◆ Information supplied:
- - -
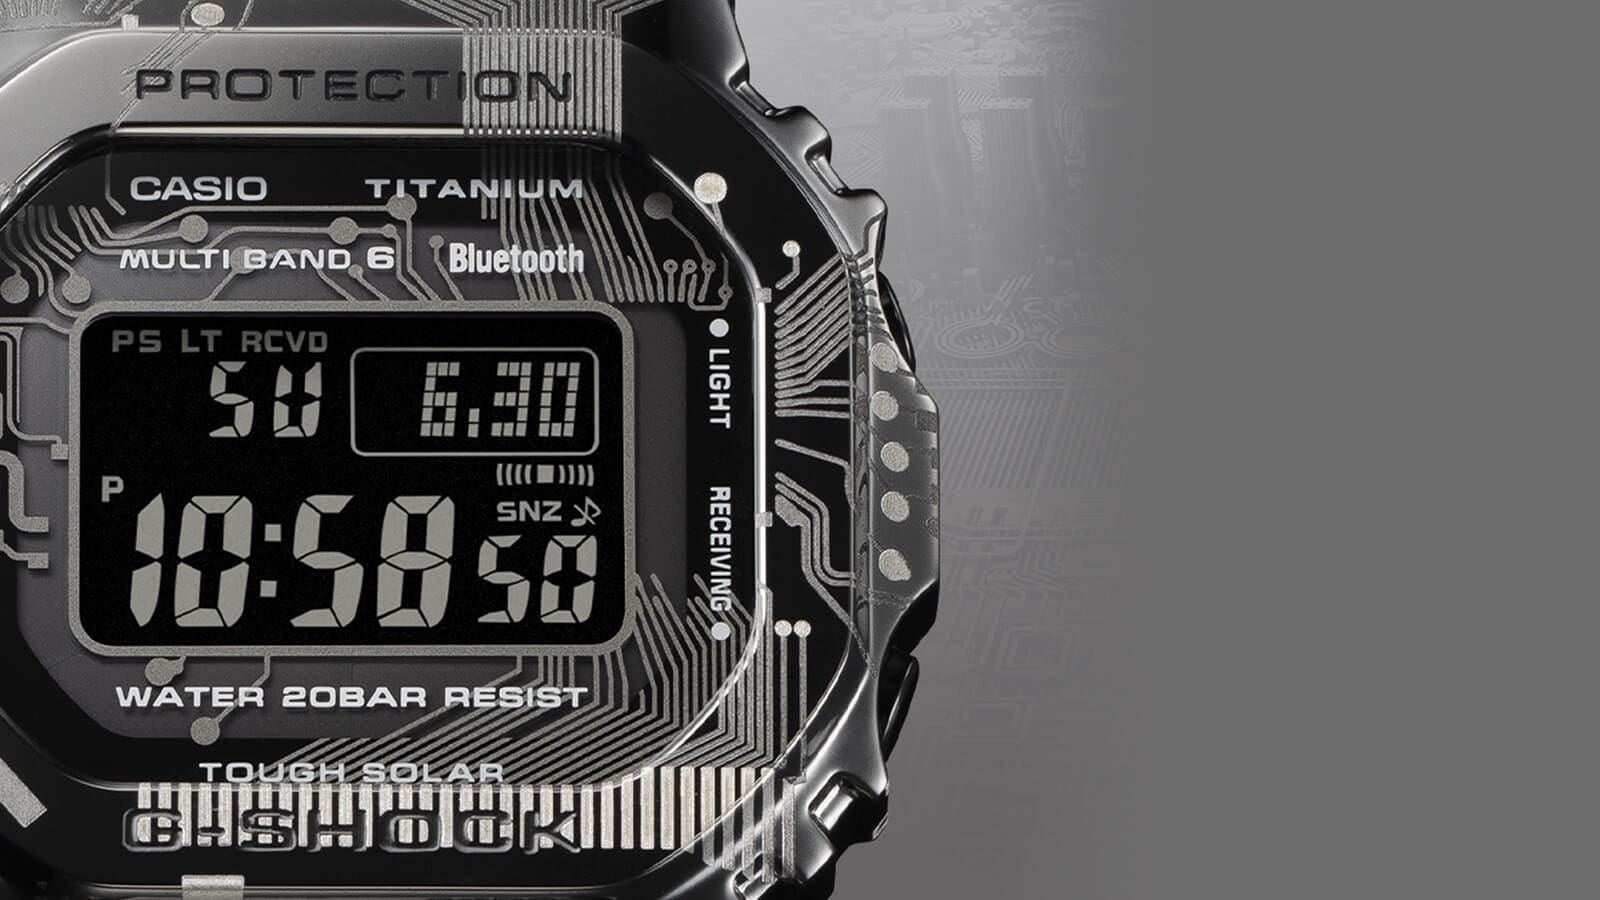 GMWB5000TCC digital watch on a gray background
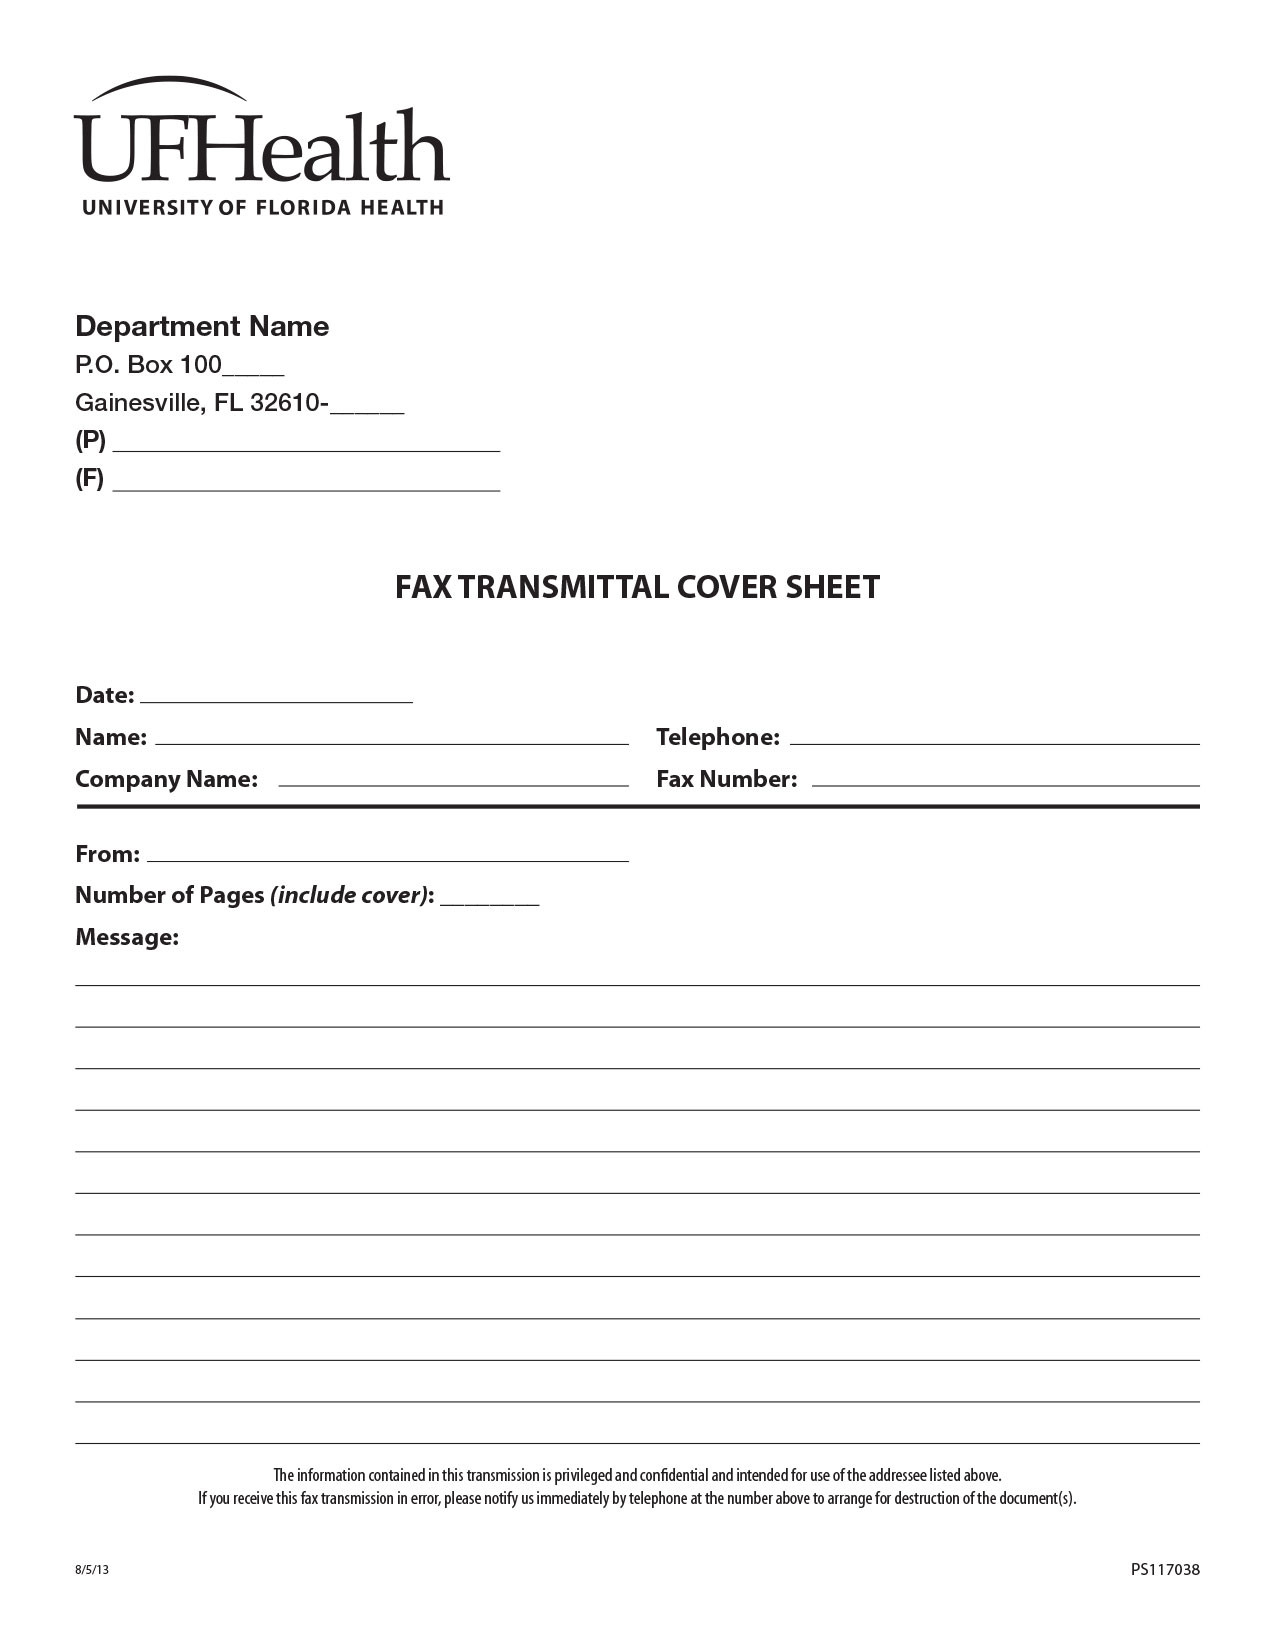 10 Printable Fax Cover Sheet Templates | Proposal Sample For Fax Cover Sheet Template Word 2010
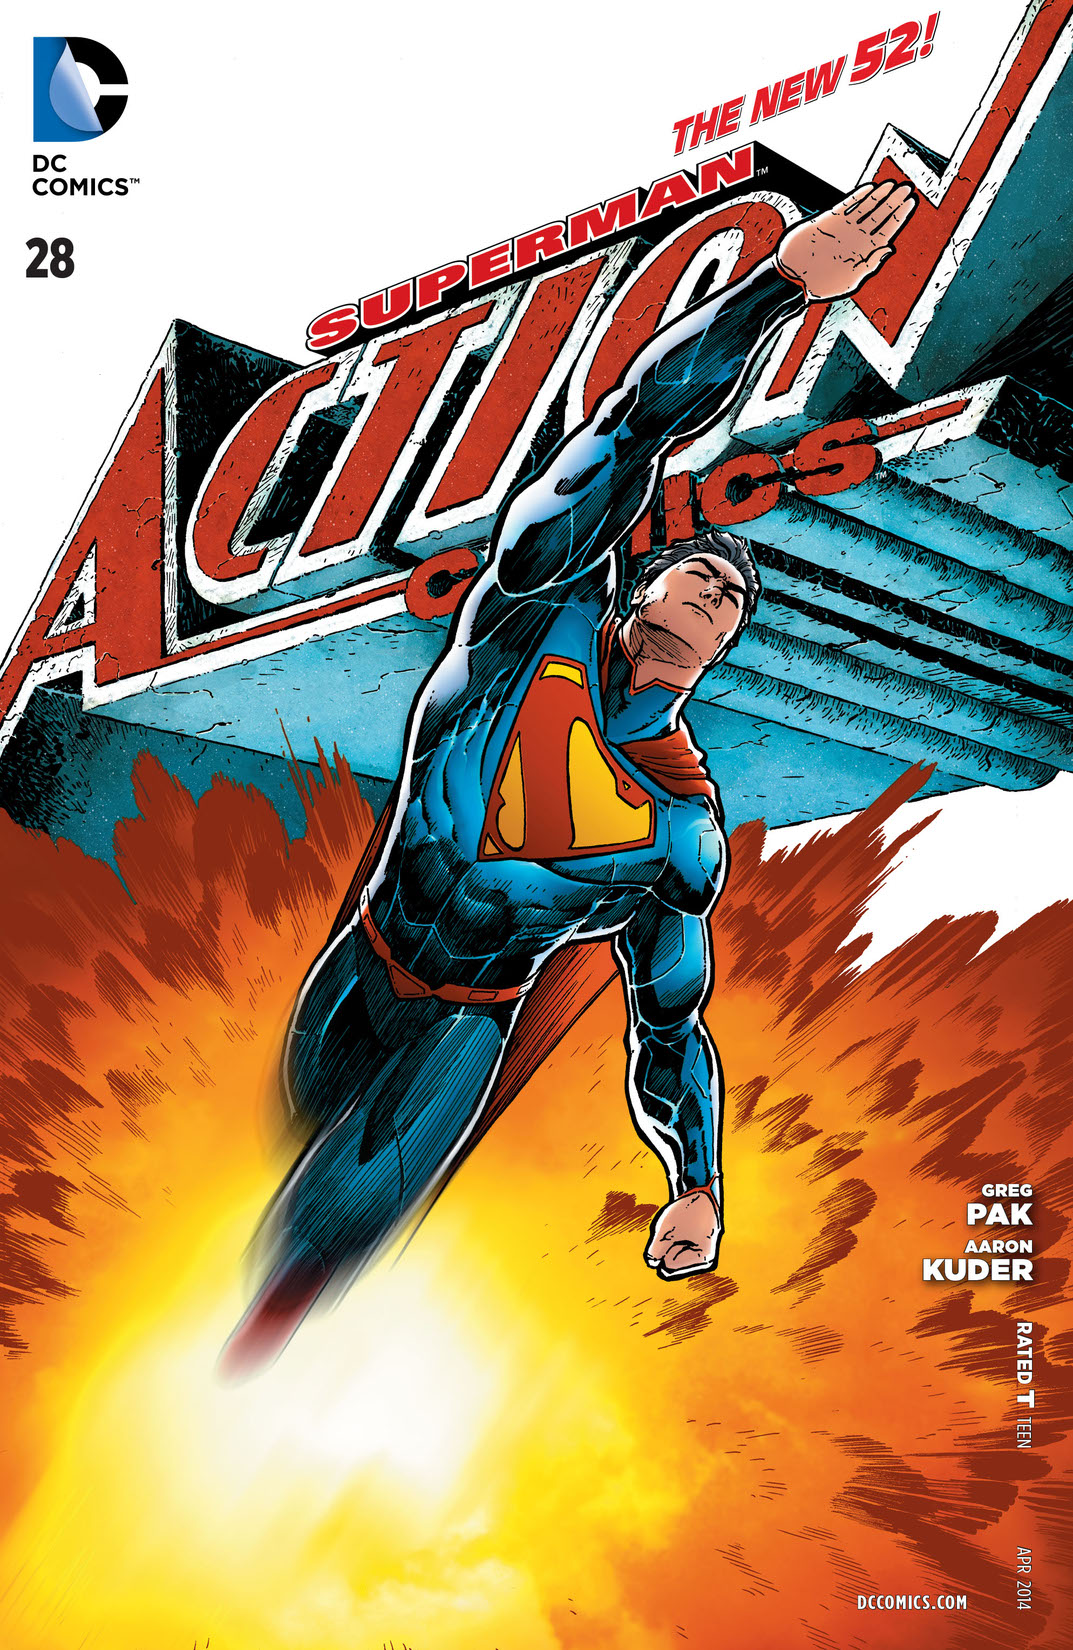 Action Comics (2011-) #28 preview images
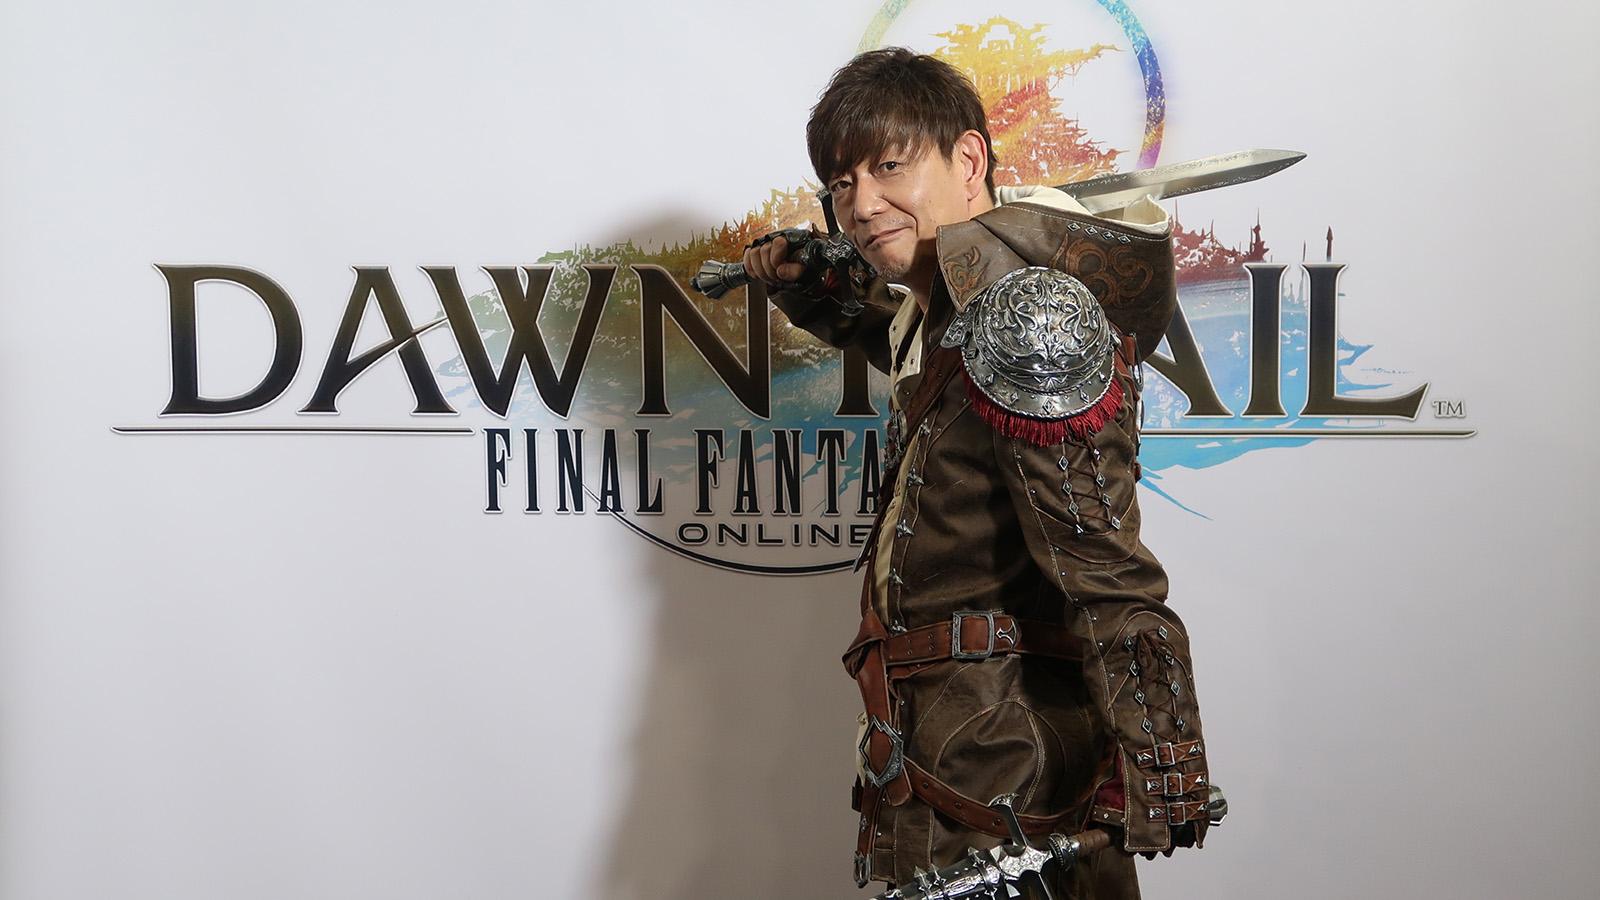 Final Fantasy XIV’s executive producer, Naoki Yoshida, appears at Fan Fest
- - -
◆ Directions: Give back the material above exactly, with each picture removed.

◆ Written answer:
 GMWB5000TCC digital watch on a gray background
 10 Printable Fax Cover Sheet Templates | Proposal Sample For Fax Cover Sheet Template Word 2010
 Action Comics (2011-) #28 preview images
 Final Fantasy XIV’s executive producer, Naoki Yoshida, appears at Fan Fest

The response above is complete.